Кирюшка глубоко вздохнул и покачал отрицательно головой.

– Он умер, умер, умер! – вскричала Зоенька, и слезы брызнули из глаз.

Сам Илюша готов был также заплакать. Но ради сестрицы он пересилил себя и стал ее успокаивать.

– И давно он умер? – спросила, все еще всхлипывая, Зоенька.

– Еще в летошнем году, – отвечал Кирюшка, – на Петровках.

– А отчего?

– Да не то от раны, не то с тоски-кручины.

– Ты уж лучше бы толком рассказал, как все было, – заметил со своей стороны Илюша.

И принялся Кирюшка рассказывать, хотя и не то, чтобы с большим «толком». Состоял сам он, Кирюшка, «якобы стремянным» при Осипе Шмеле; с Юрием же «встрелся» совсем нежданно-негаданно под Симбирском в разгаре схватки разинцев с царскими стрельцами. Попав меж двух огней – симбирского гарнизона и вновь прибывшего из Казани вспомогательного войска князя Борятинского, казаки замешались, побежали. Дольше других держалась сотня Шмеля, хотя от нее не осталось уже и половины. Как вдруг бежит молодой стрелецкий сотник, кричит во всю голову: «Стой, Шмель! Сдавайся!»

– Это был Юрий! – догадался Илюша.

– Да, он. Шмель, знамо, не сдался, и завязалась у них рукопашная. Зазевался я на них, как вдруг меня пулей – казацкой али стрелецкой, сам не знаю – ровно молотком в колено. Заорал я на всю Ивановскую, покатился кубарем…

– А Юрий что же?

– Изловчился он в рукопашной всадить Шмелю кинжал в бок, упал Шмель на спину – да и дух вон. А тут наскочил и на самого Юрия сзади другой казак, рубанул его по башке, и упал он замертво.

– И тут же скончался?

– Нет, товарищи-стрельцы его подняли, отнесли в город. Ну, а я ползком туда же. «Так и так, – говорю, – крепостной я человек этого самого стрелецкого сотника; к казакам попал не доброй волей, забрали они меня силком…»

– И тебе поверили?

– Отчего ж не поверить? Спросили Юрия, а он подтвердил. Ну, мне лекаря отхватили полноги, дали за нее эти вот две деревянные.

– А Юрий так и не выжил?

– Может, и выжил бы, да все, вишь, сокрушался, что убил Шмеля: и во сне-то ему, и наяву мерещился. «Все же, – говорит, – как-никак человек. Хотел его живьем взять, а сгоряча убил. Не пережить мне этого, – говорит, – не пережить! Как схоронишь ты меня, Кирюшка, так воротись, – говорит, – в Талычевку, скажи батюшке, не поминал бы меня лихом». Стал он тут хиреть-хиреть, да и отдал Богу душу…

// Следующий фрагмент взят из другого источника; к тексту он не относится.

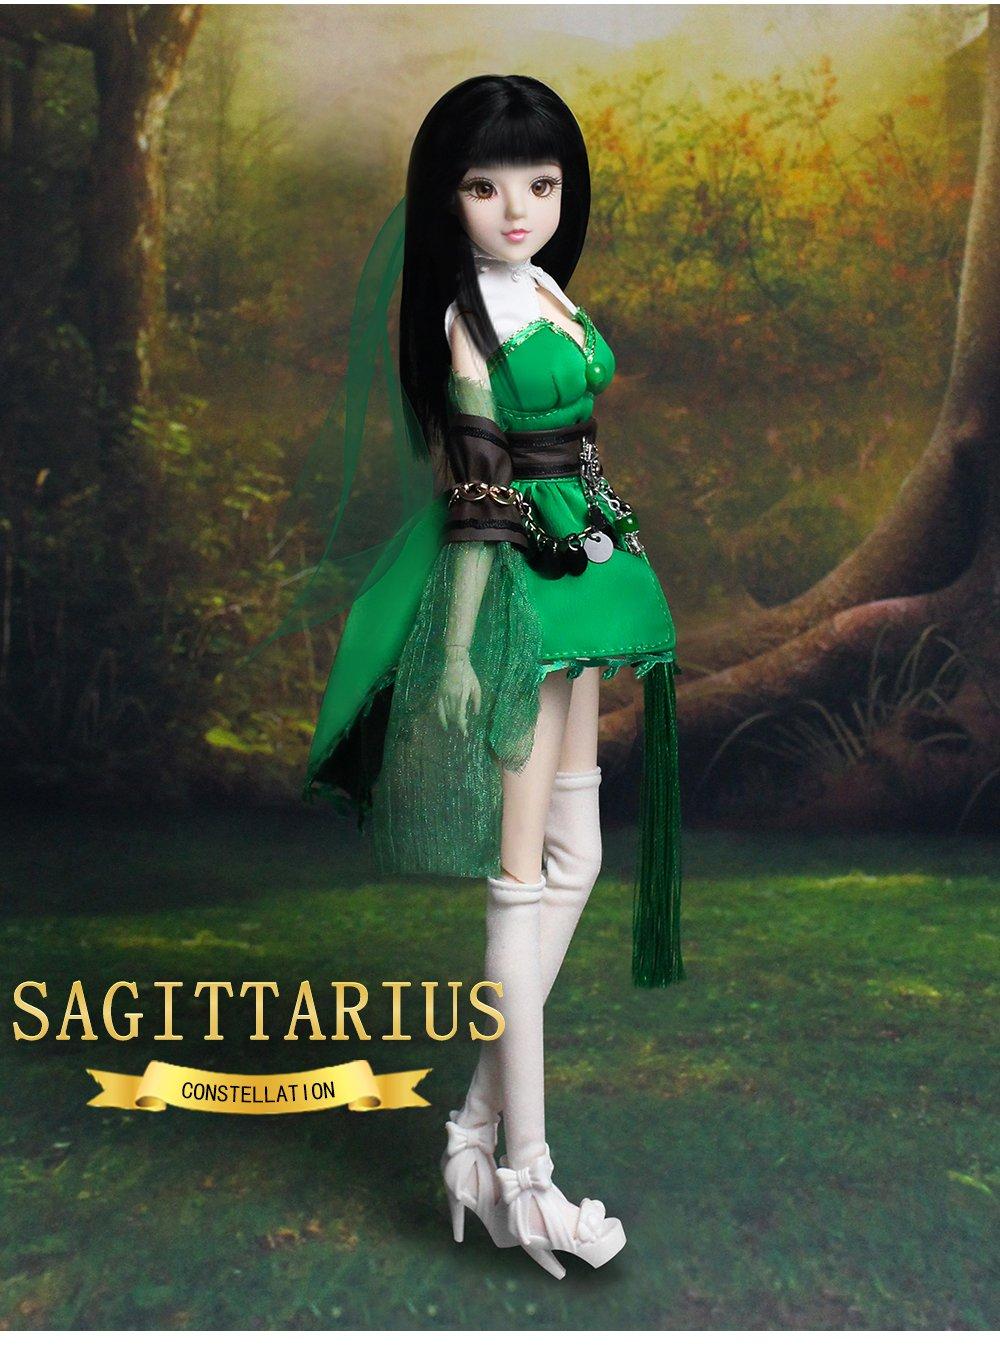 Mystery Magic Girl Fortune Days BJD doll 12 inch Twelve constellation series doll (SAGITTARIUS)

Происходил этот разговор с Кирюшкой, как уже сказано, за бревенчатым забором, окружавшим талычевскую усадьбу, у калитки, выходившей из сада к речке. При последних словах Кирюшки из-за забора послышались глухой стон и падение человеческого тела. Илюша толкнул калитку – и ахнул: на земле лежал его старик-отец с закатившимися глазами, с посинелым лицом. Сразила его, очевидно, внезапная весть о кончине любимца-сына.

– Беги за Богданом Карлычем! – крикнул Илюша Зоеньке, а сам бросился к лодке, чтобы зачерпнуть в черпак воды.

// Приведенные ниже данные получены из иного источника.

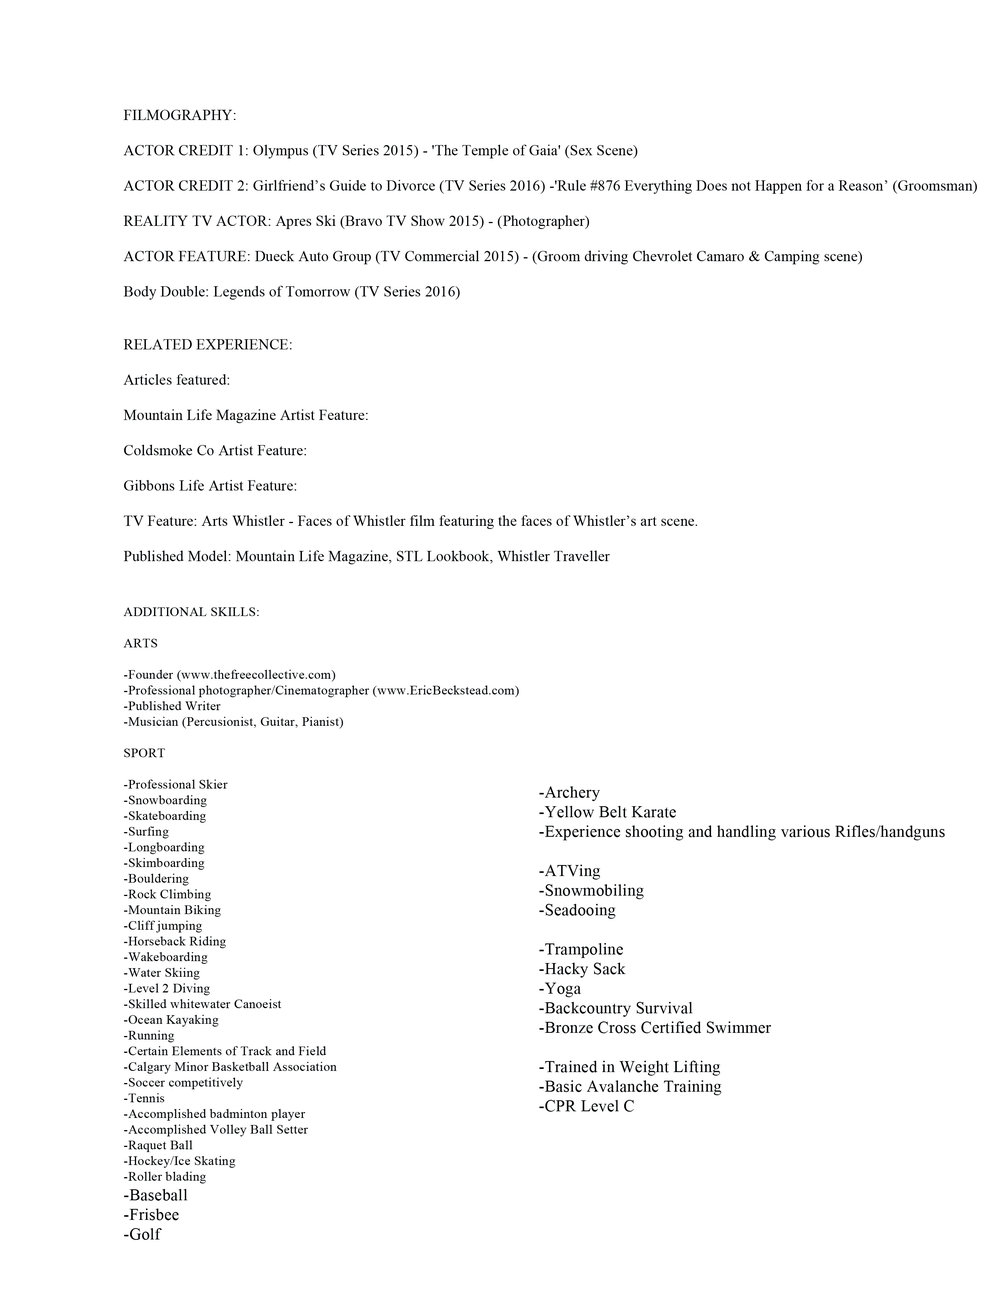 Acting Resume Page 2.jpg

Кирюшка тем временем расстегнул на груди боярина кафтан и камзол. Но все старания обоих привести его в чувство были уже тщетны. Поспешивший по зову Зоеньки домашний лекарь точно так же не мог заставить опять биться остановившееся сердце.

– Третий удар, – объявил он. – Все кончено…

И рассказ наш окончен. Дальнейшая судьба оставшихся еще в живых двух младших членов семьи опального боярина не представляет романического интереса. Хотя опала с покойного отца их и была снята, но в Москву их самих уже не тянуло. Только на старости лет Зоенька, или, вернее сказать, Зоя Ильинишна, уважаемая во всей округе вдова-боярыня, по настоянию своих внучат побывала в Белокаменной проездом в основанную царем Петром Алексеевичем на берегах Невы новую столицу Санкт-Петербург.

Брат ее, Илья Ильич, женившись еще в молодые годы, прожил затем безвыездно до глубокой старости в родовой своей Талычевке, заслужив также всеобщее уважение и любовь соседей за свое образцовое сельское хозяйство и широкое гостеприимство. Не одобрялось людьми старого закала только его чересчур, по их мнению, мягкое обхождение с «подлым народом», в котором он видел чуть ли не равных себе «ближних». С Ильей Ильичем угас старинный род Талычевых-Буйносовых, так как хотя он и был счастливым отцом многочисленных дочерей, но сына ни одного не имел. Память же об нем перешла в потомство по женской линии, благодаря особенно его путевому дневнику, с выдержками из которого мы уже познакомили читателей в одной из предыдущих глав.